Radit membawa Nada ke pinggir, mendudukkan Nada di sebuah taman kota. Radit membuka Roti yang di dapatnya dari Rafa, ia menyuapkan pada Nada. Nada membuka mulutnya dan mulai mengunyah Roti itu. Seketika ia tersenyum dan memandang Radit dengan bahagia.
"Terimakasih Yang, maaf aku merepotkan." ucap Nada sambil menatap ke arah Radit yang memandangnya penuh Cinta.
"Makan yang banyak, besok lagi kalau sampai kamu masih saja pucat seperi ini dan sering pusing, jangan harap aku masih mau menuruti kata-katamu itu untuk tidak ke dokter." ucap Tadit sambil menatap jam tangan yang menunjukan pukul 22.00.
"Hem, aku tau." ucap Nada sambil menatap Radit dan tersenyum.

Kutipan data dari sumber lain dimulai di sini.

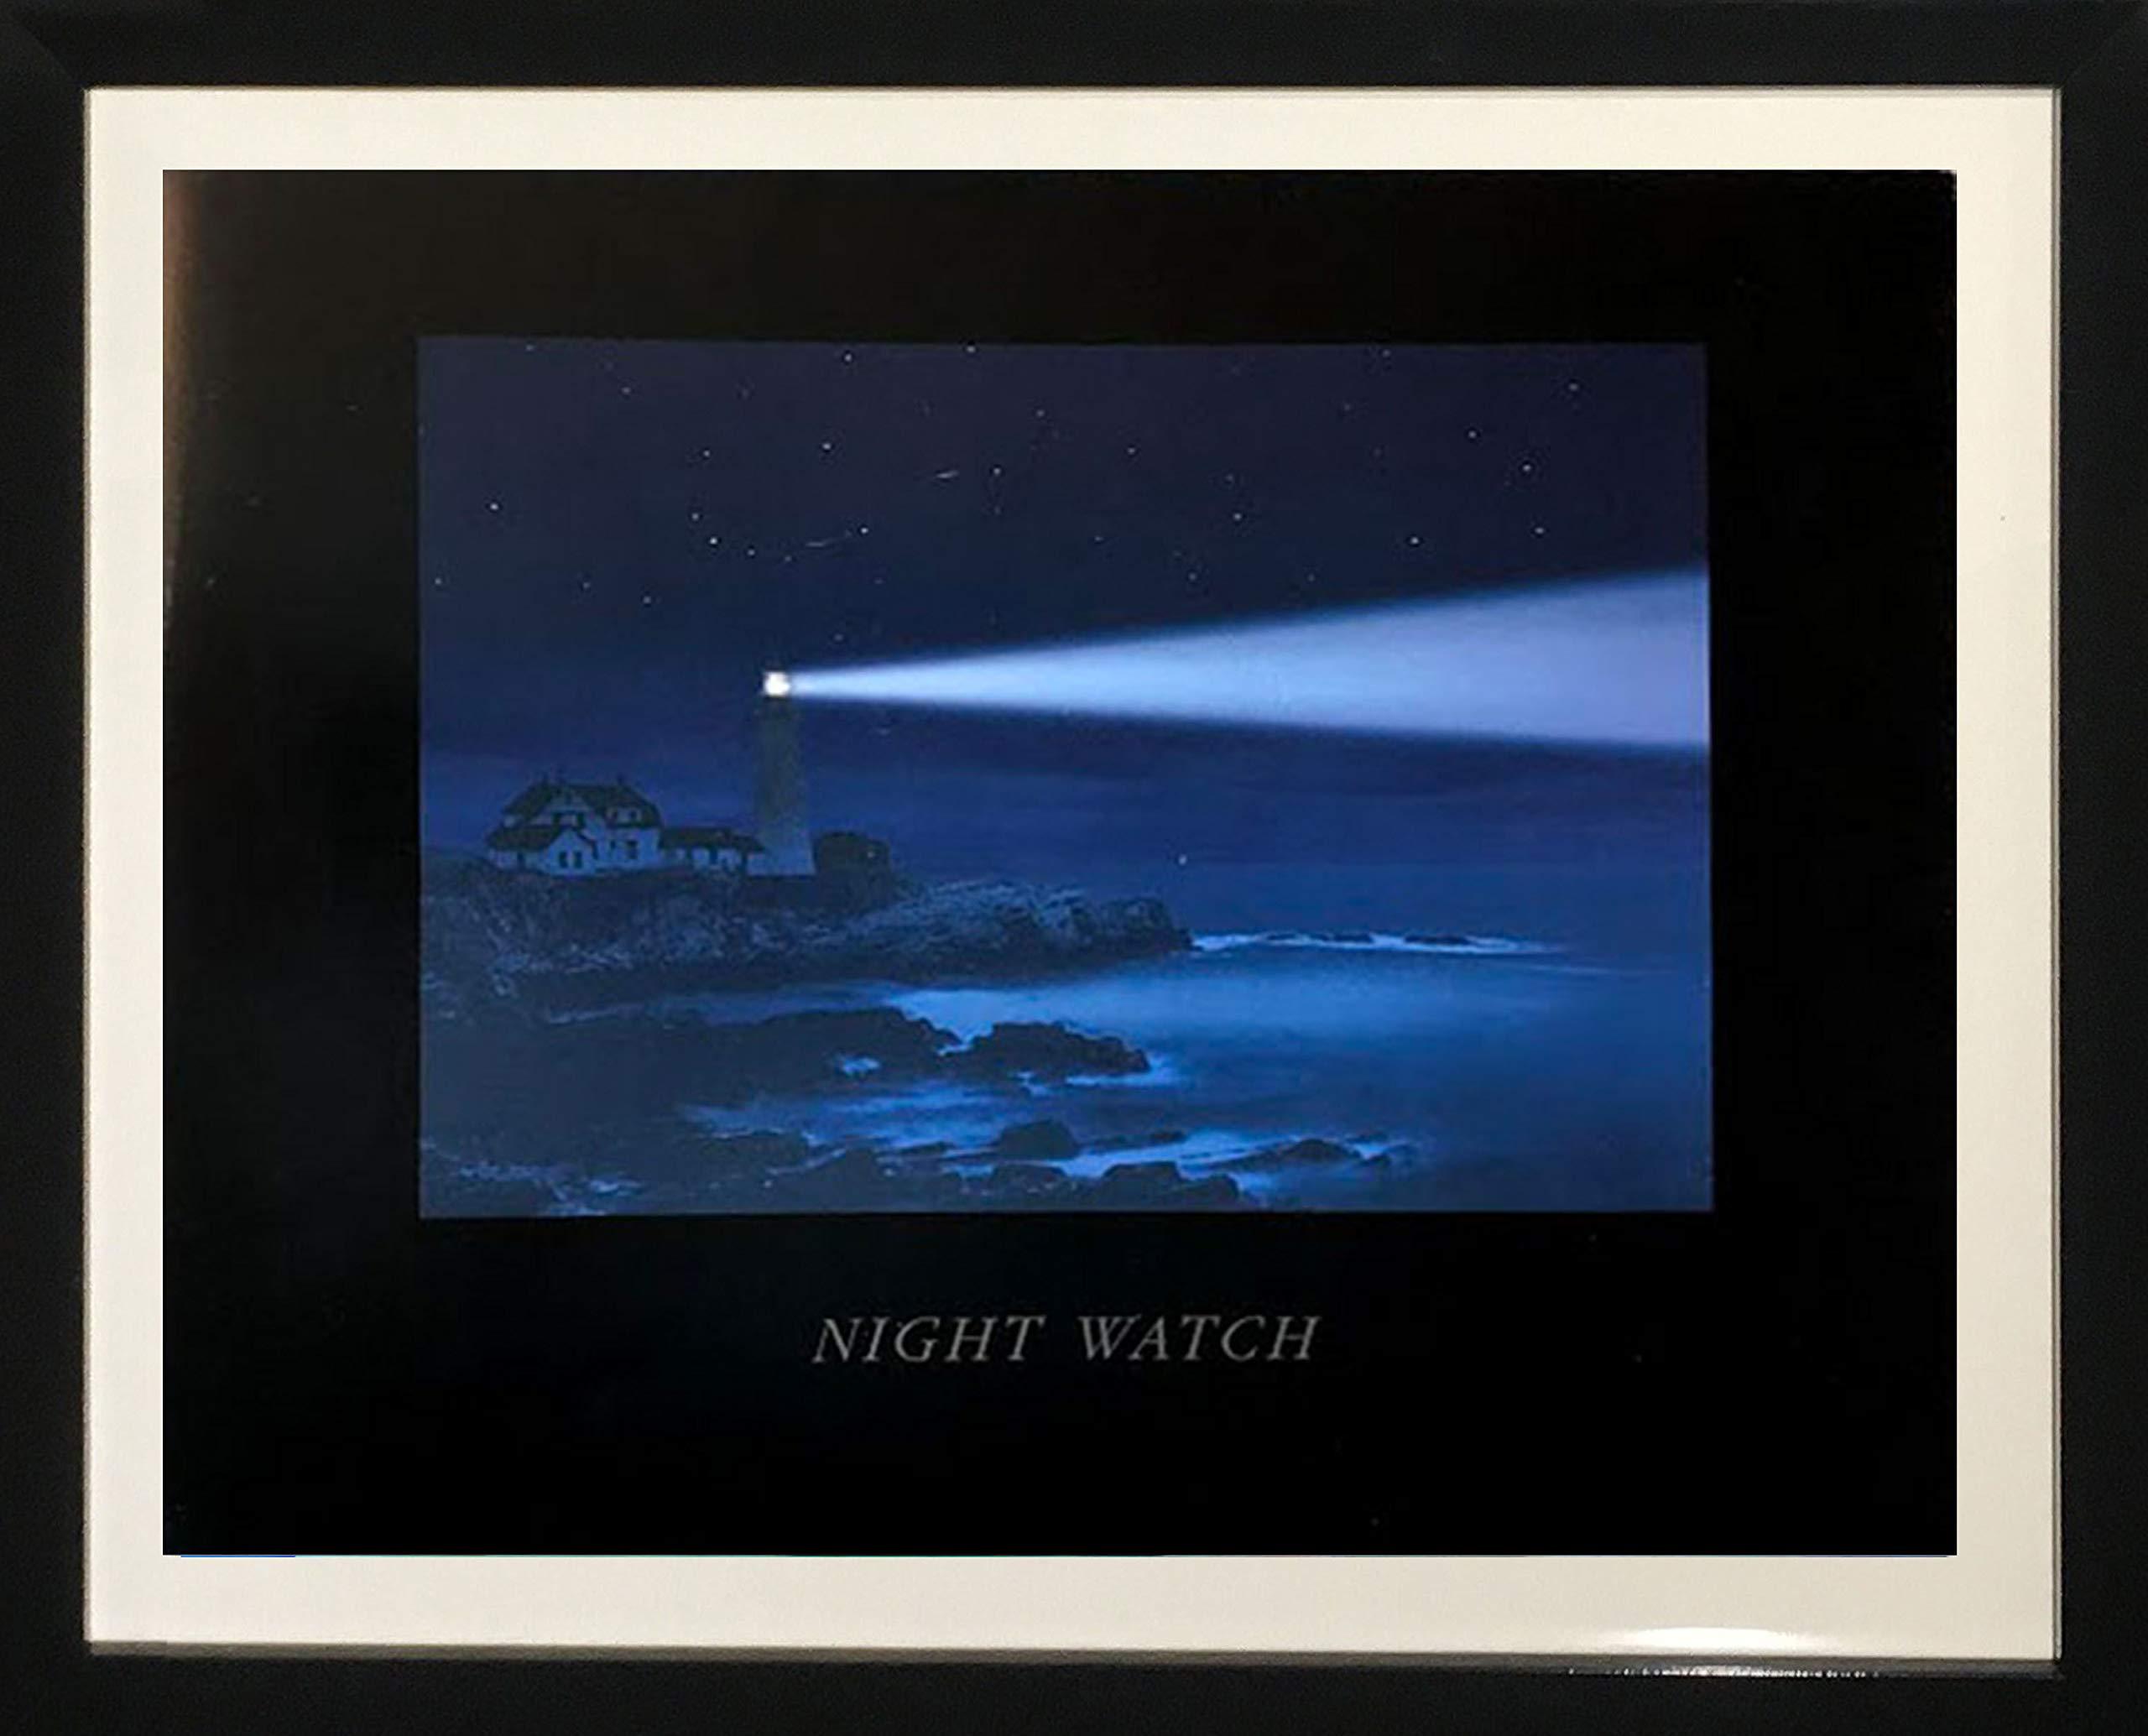 Framed Art''Night Watch'' by Joseph Soam by

"Dear," Radit membenahi duduknya dan menatap langit luas. Hampir dua bulan sudah dirinya menikah Nada, dan baru kali ini dia merasa sangat khawatir dan bahkan sangat mengkhawatirkan Nada.
Tidak biasanya melihat istri cantiknya itu sakit, dan ketika seperti ini ingin rasanya menyembunyikan istrinya itu.
"Aku sangat mengkhawatirkanmu, jadi aku mohon jangan membuat aku khawatir lebih dari ini," ucap Radit dan diangguki oleh Nada.
"Hem, aku tau Yang jika kamu sangat mengkhawatirkan aku. Tapi percayalah, aku tidak apa-apa," ucap Nada.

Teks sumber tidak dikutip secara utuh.